## STORED DATA
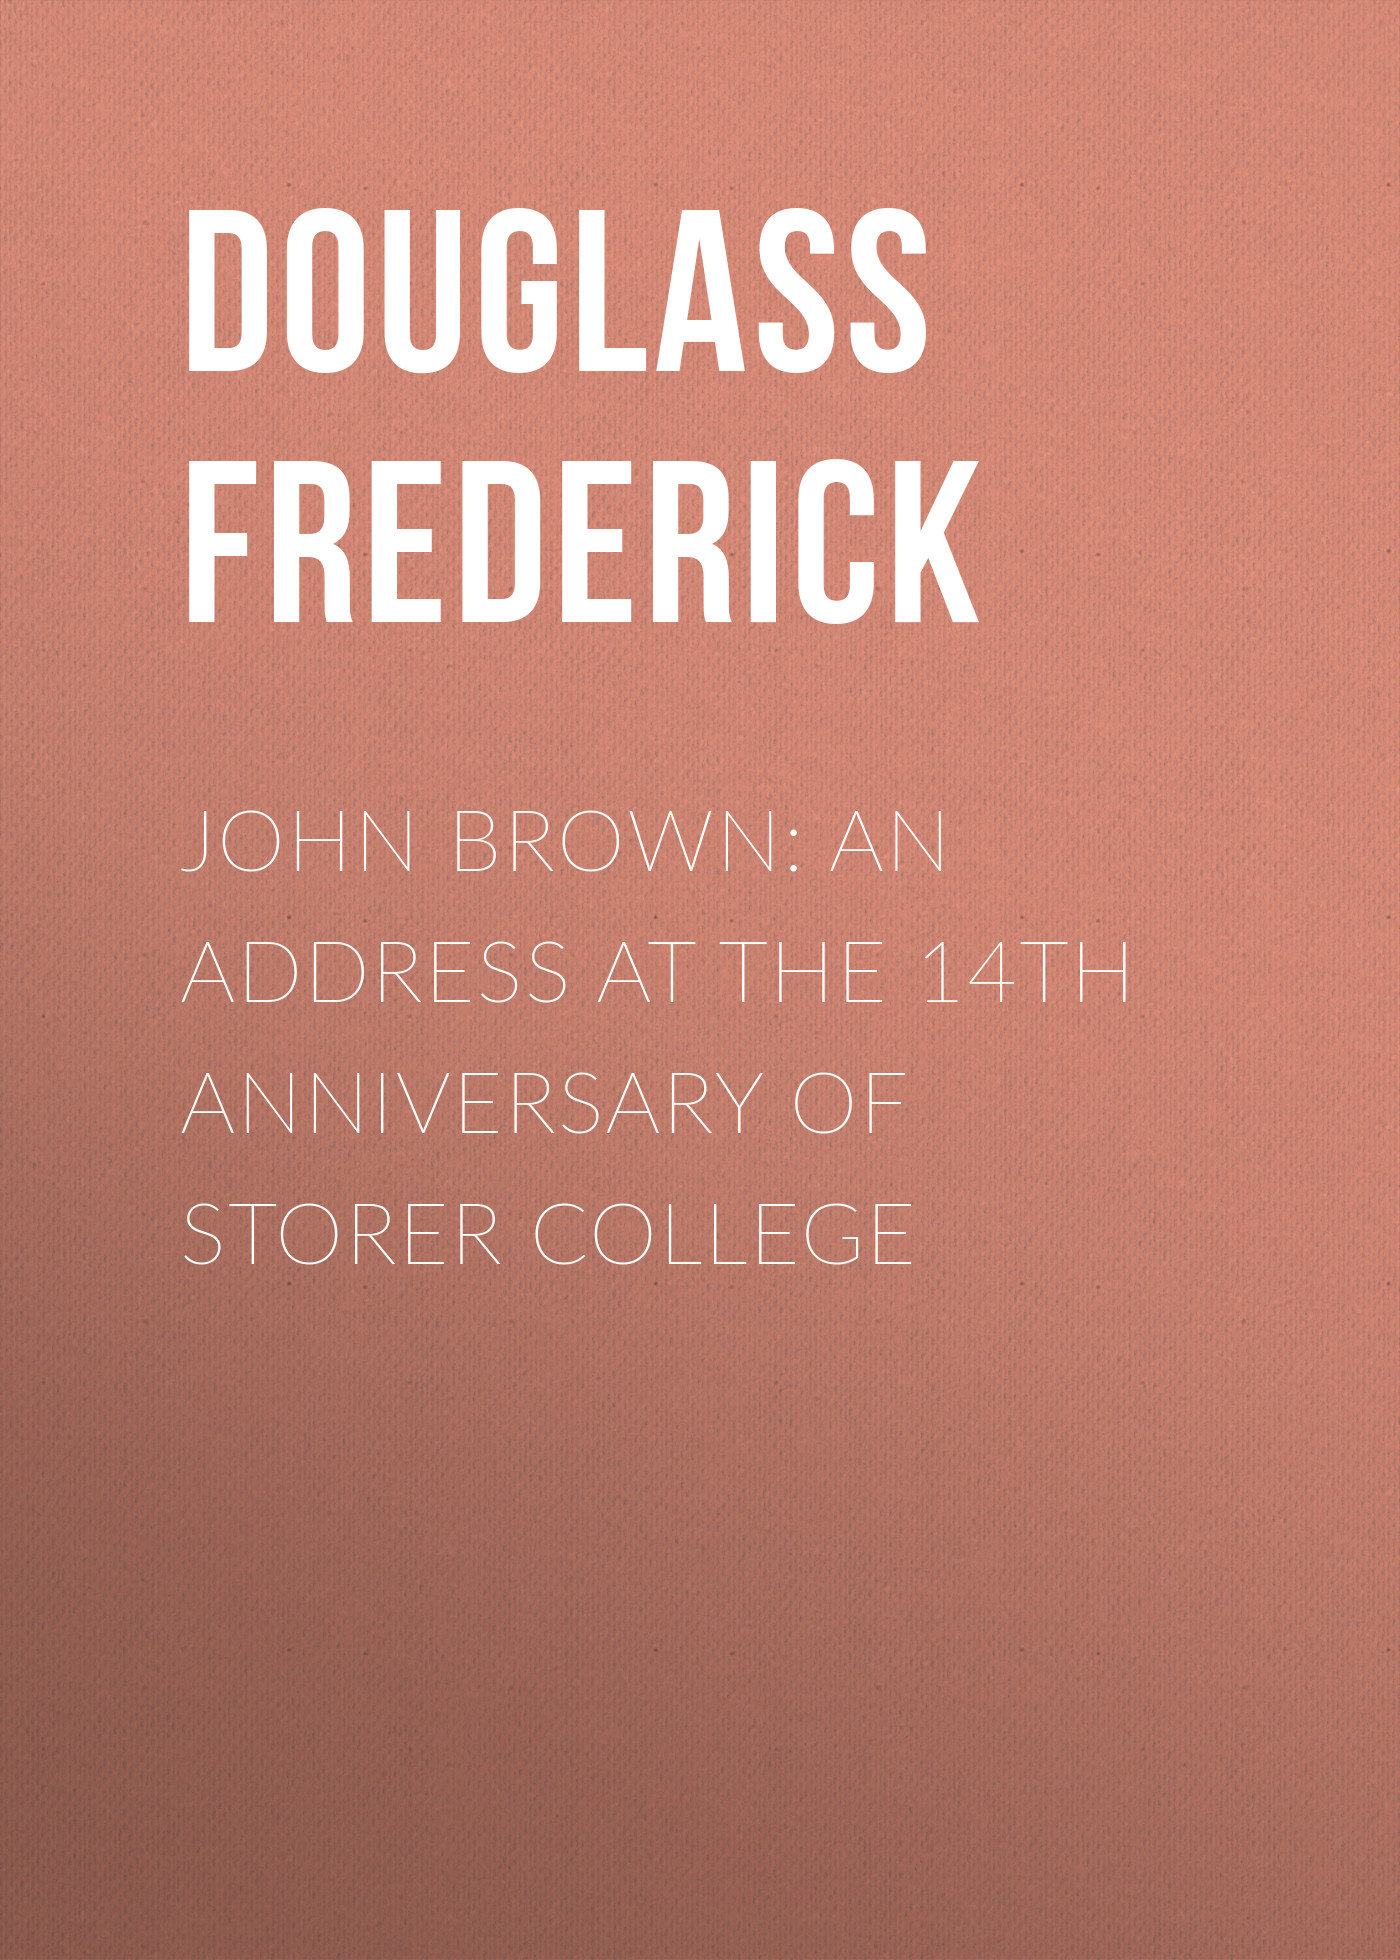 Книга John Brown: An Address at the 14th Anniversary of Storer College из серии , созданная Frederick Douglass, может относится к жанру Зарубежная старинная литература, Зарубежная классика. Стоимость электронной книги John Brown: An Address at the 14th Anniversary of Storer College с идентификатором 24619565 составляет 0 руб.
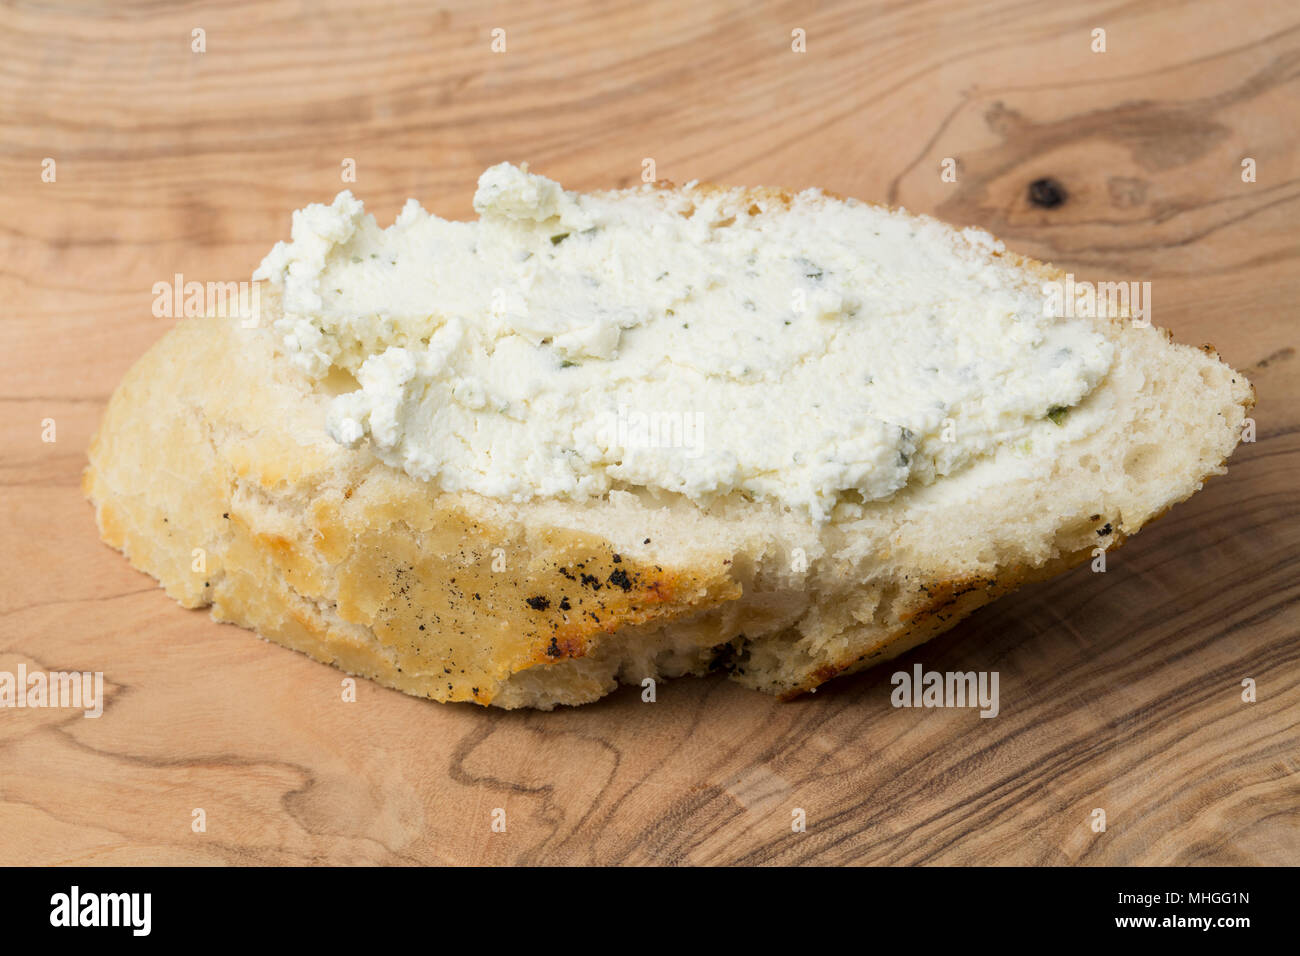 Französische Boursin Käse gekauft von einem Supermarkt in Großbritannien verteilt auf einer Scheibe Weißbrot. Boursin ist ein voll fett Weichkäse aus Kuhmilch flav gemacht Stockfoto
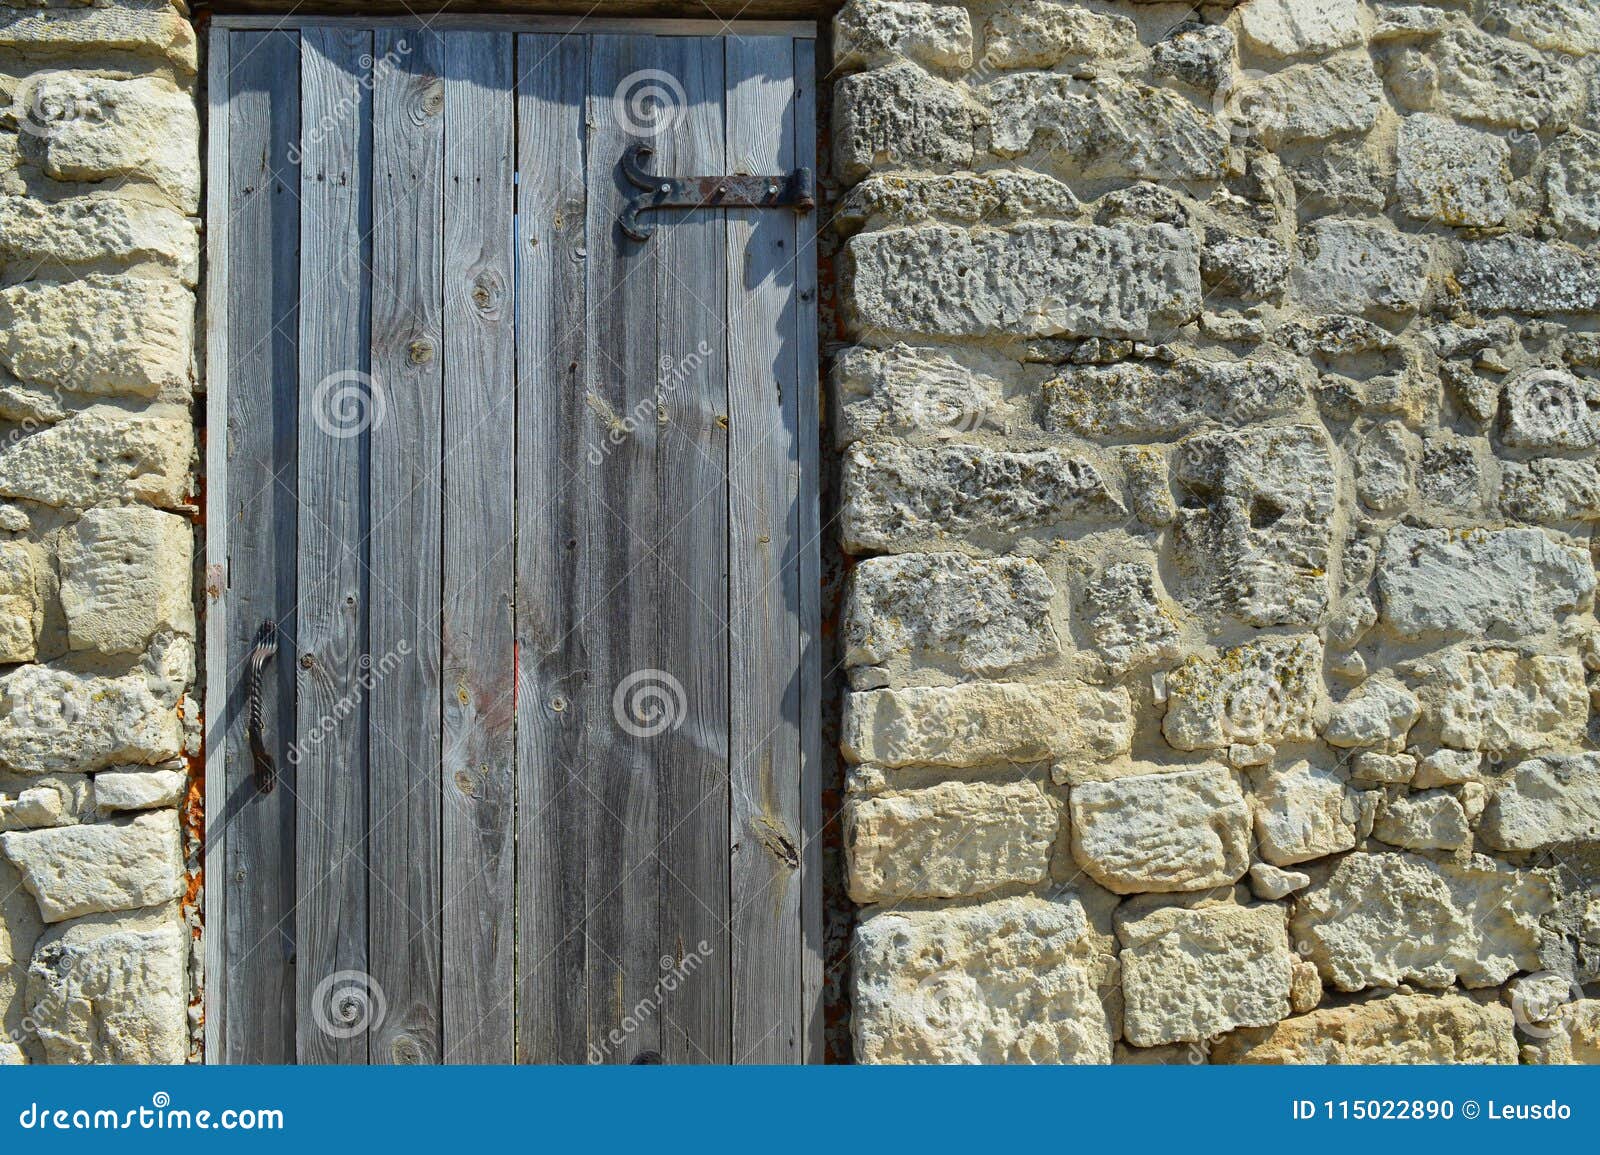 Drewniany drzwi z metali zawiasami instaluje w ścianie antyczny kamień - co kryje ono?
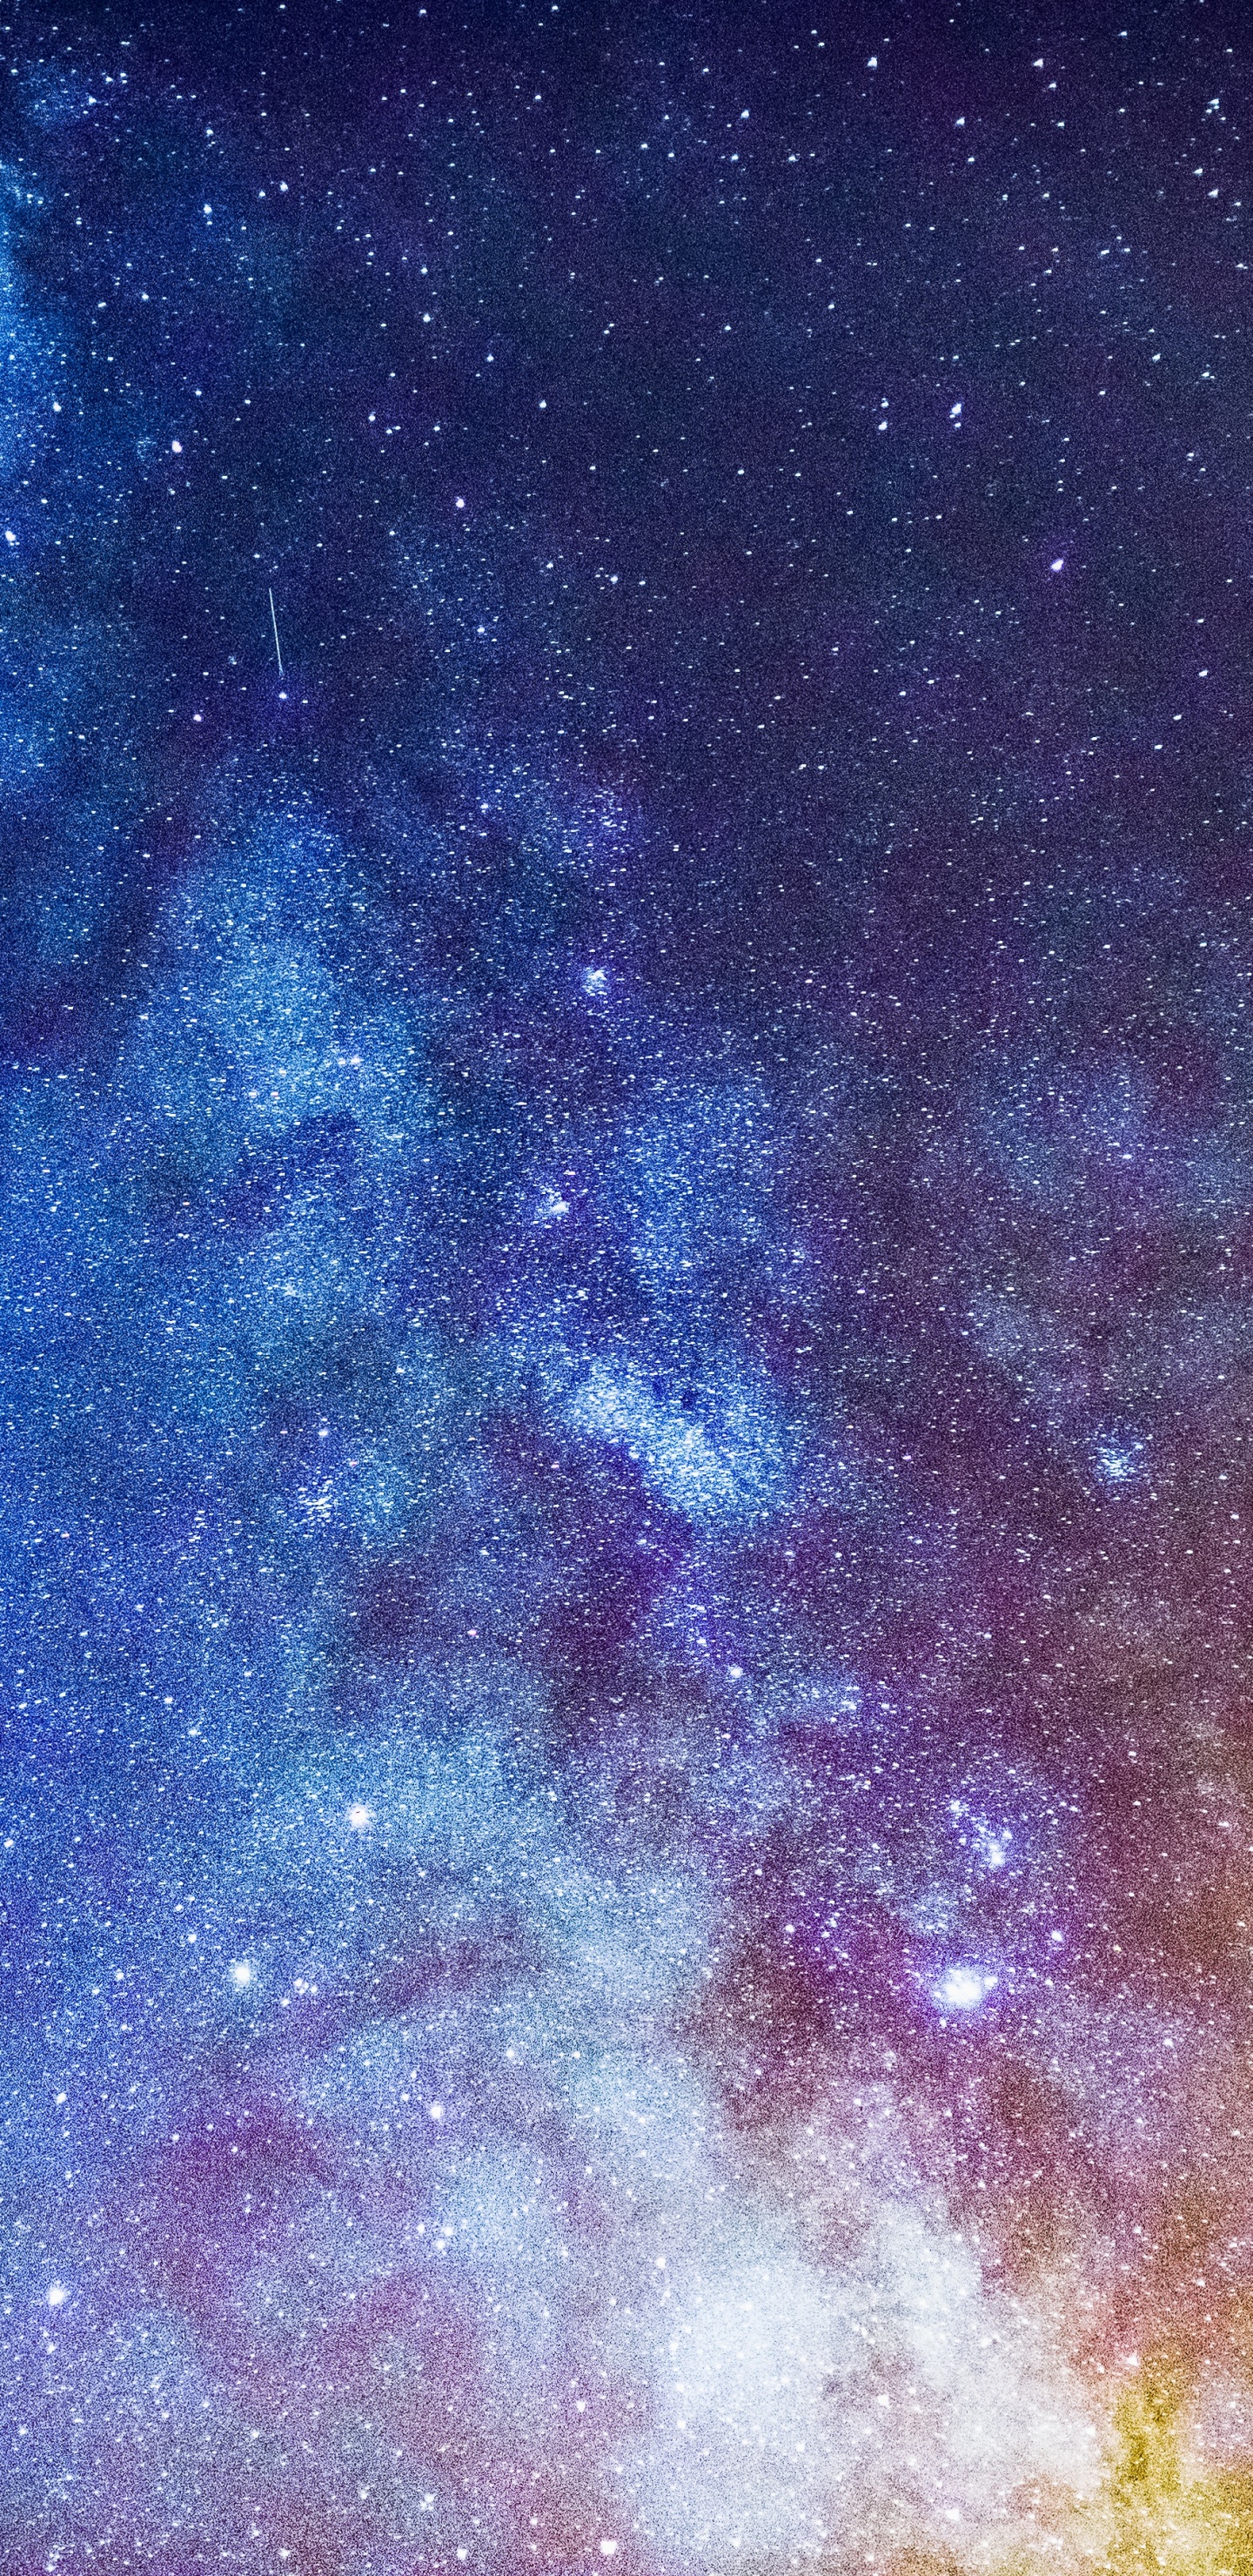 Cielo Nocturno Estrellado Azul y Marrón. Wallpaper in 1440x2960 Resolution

## AIM OF THE TASK
The material above must be printed exactly, with its pictures left out.

## ANSWER SECTION
 Книга John Brown: An Address at the 14th Anniversary of Storer College из серии , созданная Frederick Douglass, может относится к жанру Зарубежная старинная литература, Зарубежная классика. Стоимость электронной книги John Brown: An Address at the 14th Anniversary of Storer College с идентификатором 24619565 составляет 0 руб.
 Französische Boursin Käse gekauft von einem Supermarkt in Großbritannien verteilt auf einer Scheibe Weißbrot. Boursin ist ein voll fett Weichkäse aus Kuhmilch flav gemacht Stockfoto
 Drewniany drzwi z metali zawiasami instaluje w ścianie antyczny kamień - co kryje ono?
 Cielo Nocturno Estrellado Azul y Marrón. Wallpaper in 1440x2960 Resolution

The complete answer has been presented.